Records for processing:

== Segment start ==

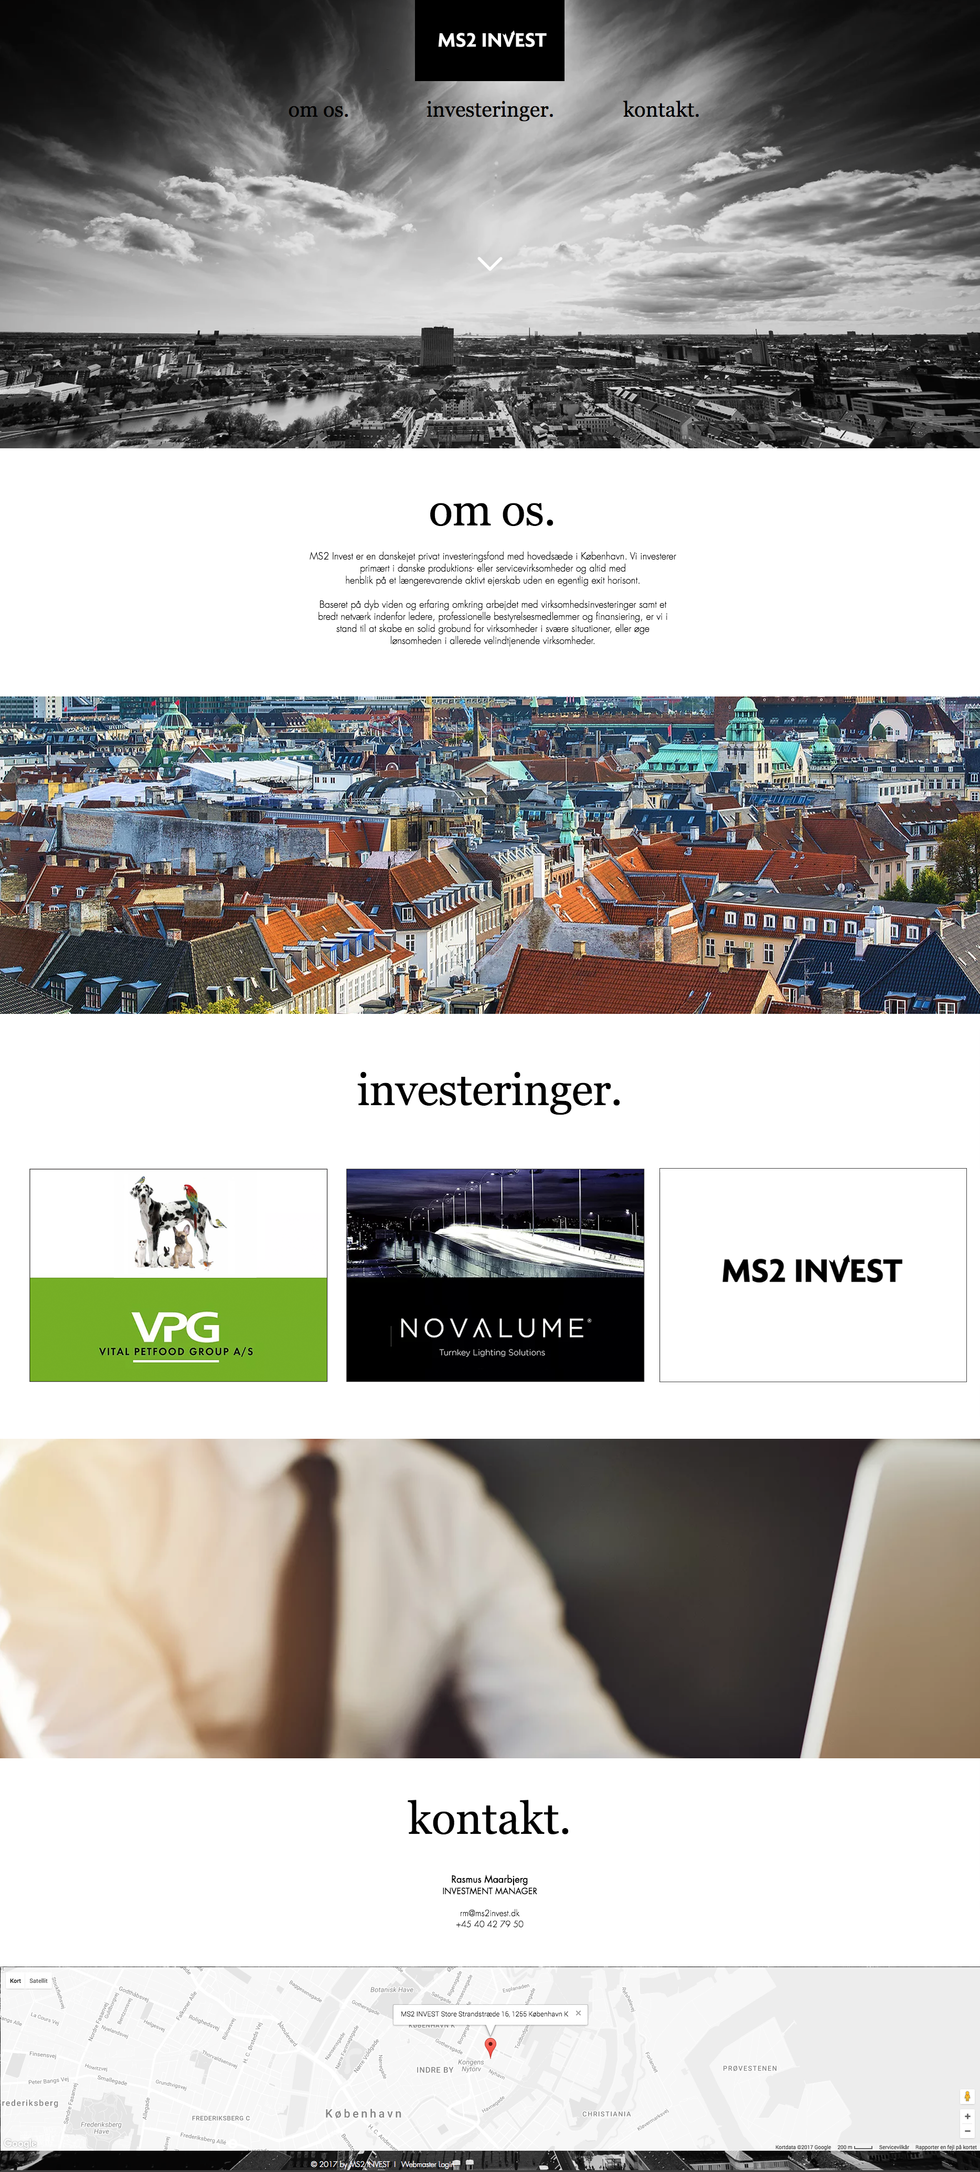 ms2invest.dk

== Segment end ==
== Segment start ==

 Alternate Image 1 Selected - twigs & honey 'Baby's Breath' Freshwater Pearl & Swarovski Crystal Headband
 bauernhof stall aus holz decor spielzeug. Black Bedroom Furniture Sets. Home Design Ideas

== Segment end ==
== Segment start ==

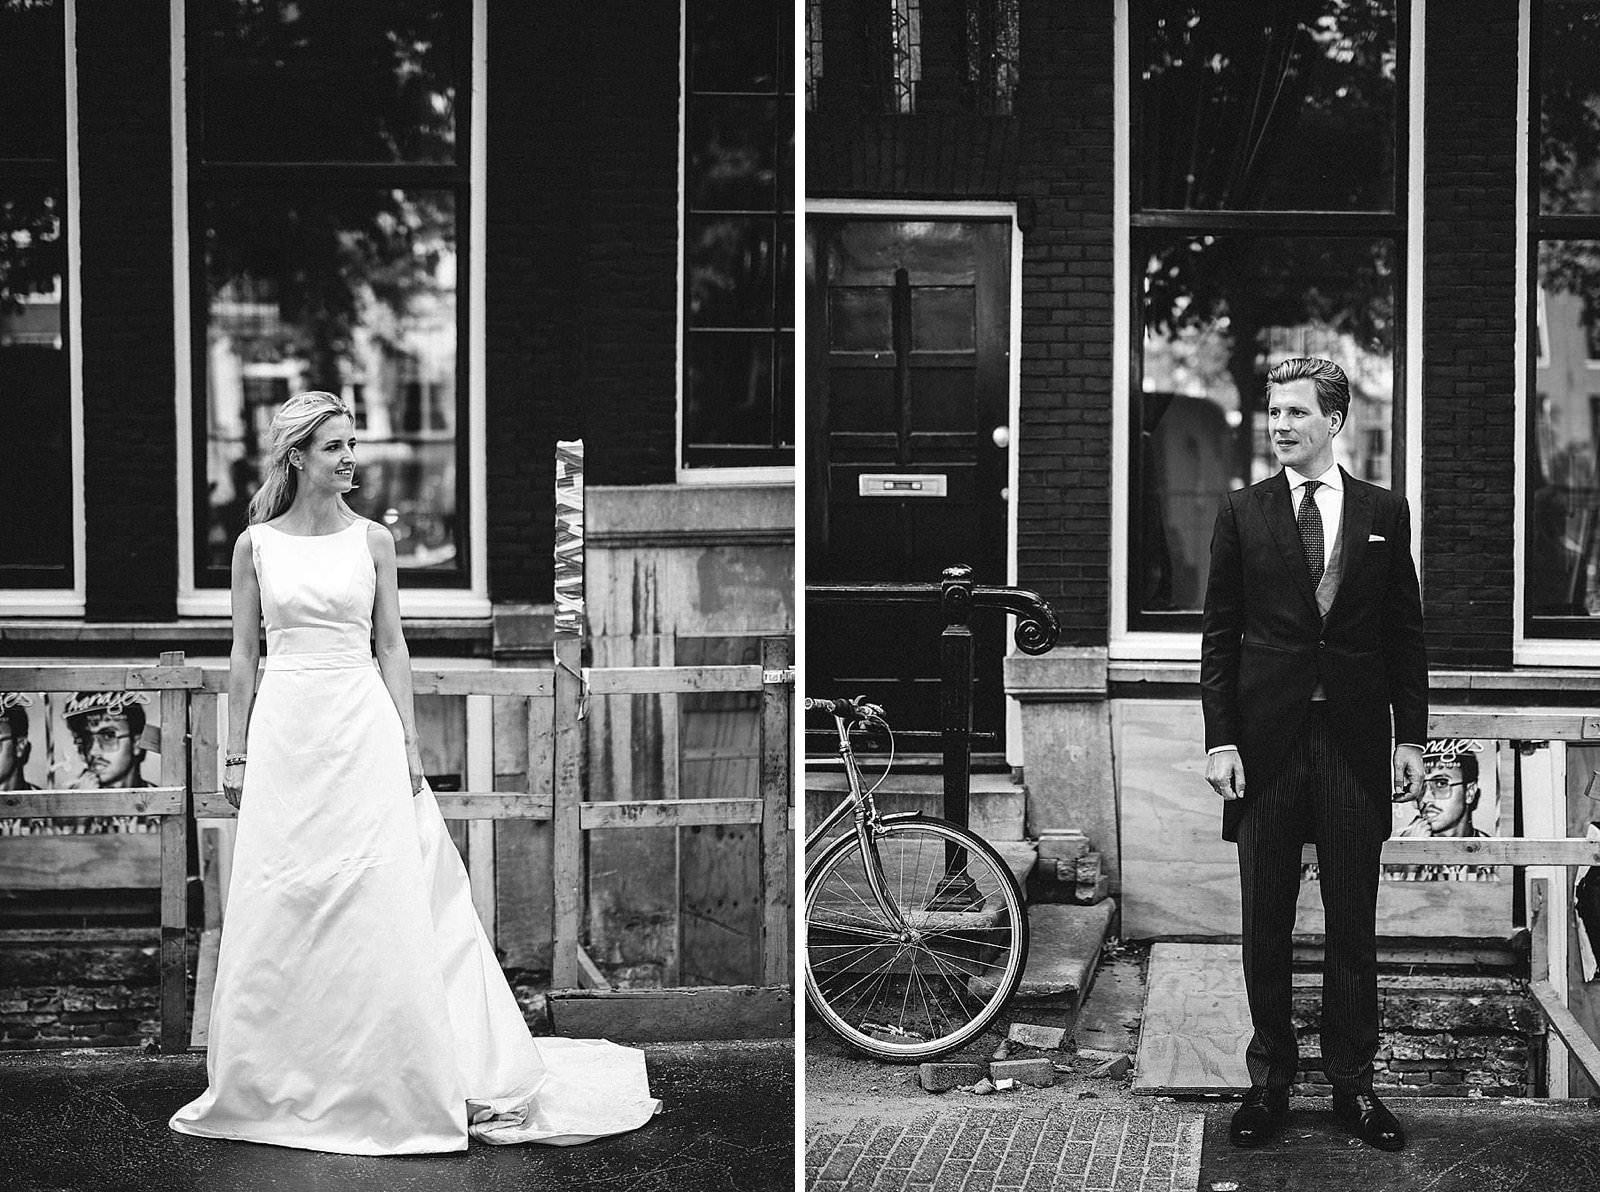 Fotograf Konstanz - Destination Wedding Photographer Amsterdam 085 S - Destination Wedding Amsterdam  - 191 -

== Segment end ==

Work task: Once the line with "Alternate Image 1" is found in the records above, print exactly that line and every line after it through the line with "bauernhof stall aus".

Exercise answer:
 Alternate Image 1 Selected - twigs & honey 'Baby's Breath' Freshwater Pearl & Swarovski Crystal Headband
 bauernhof stall aus holz decor spielzeug. Black Bedroom Furniture Sets. Home Design Ideas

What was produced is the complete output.